John and Mike each own 50% of a business. They sign a buy-sell agreement providing that if one of them dies, the other one will buy out the deceased owner’s share at a specified price and on specified terms. The drafting attorney or attorneys suggest that the business be valued by a qualified appraiser, but John and Mike do not want to pay for an appraisal so they set an arbitrary figure as the value. They tell the attorney(s) that they will update the figure from time to time to reflect changes in the business’s value. As years go by, John and Mike continue to ignore the issue, in part because they still do not want to pay for appraisals of the business, so the initial arbitrary figure for the business’s valuation stands.

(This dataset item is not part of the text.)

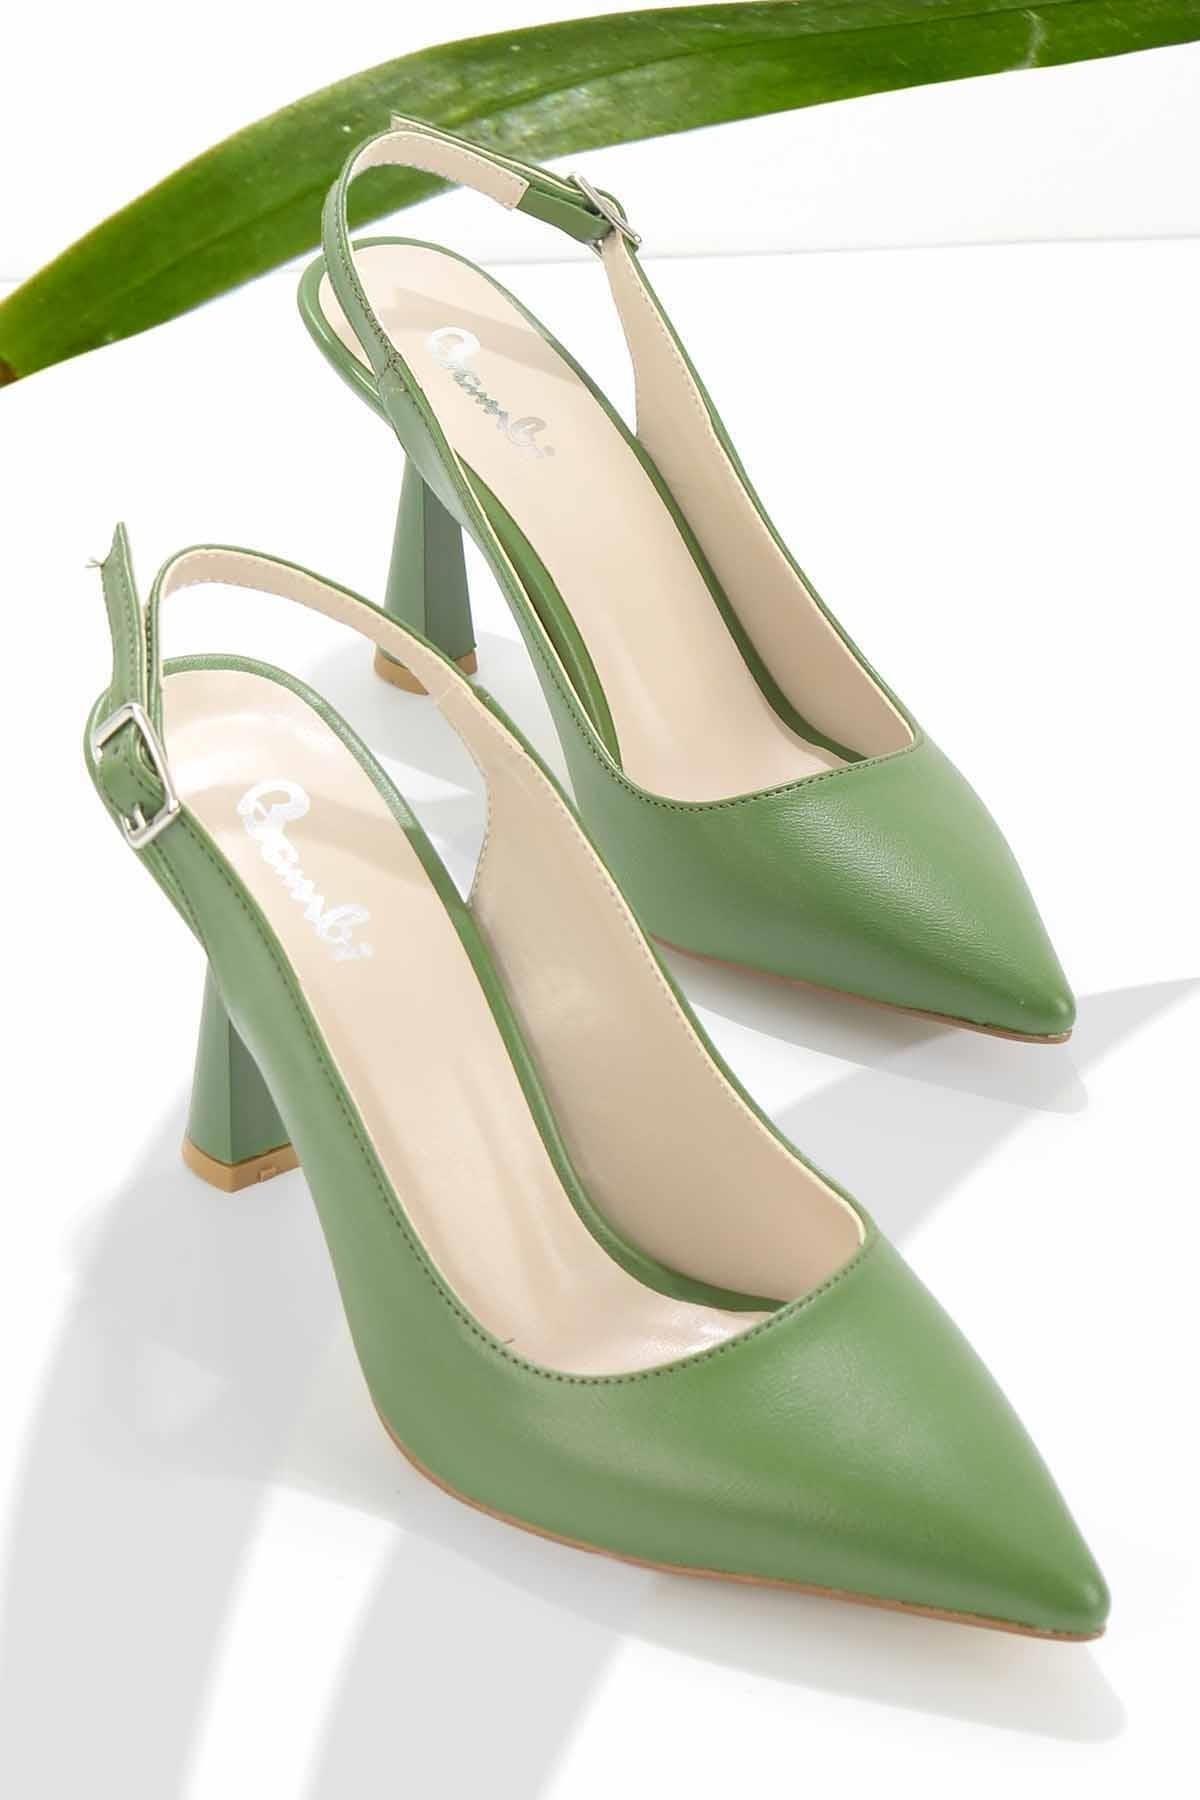 Bambi Yeşil Kadın Klasik Topuklu Ayakkabı K01992000109

Ten years later, John dies. Mike will either be paying too much or too little to buy John’s share. Mike will be angry if he has to pay more than John’s share is worth. John’s beneficiaries will be angry if Mike pays them less than what John’s share is worth. The two sides will be likely to go to separate attorneys, and one side may try to attack or set aside the valuation in the buy-sell agreement. The two attorneys representing the two sides will be the big winners.
What if the buy-sell agreement did not set a price? What if the buy-sell agreement provided that when one owner dies, each side will pick an appraiser, and that the two appraisers will agree on a third appraiser, and that the valuation done at that point by the third appraiser will set the buy-out price of the deceased owner’s interest?
Using this method, John and Mike still don’t have to pay for an appraisal when the agreement is drafted. Using this method, John and Mike don’t have to pay for future appraisals to periodically update the buy-out price. Using this method, when one owner dies, a fair price will be arrived at, which will lessen the possibility that the two sides will hire lawyers to fight eachother.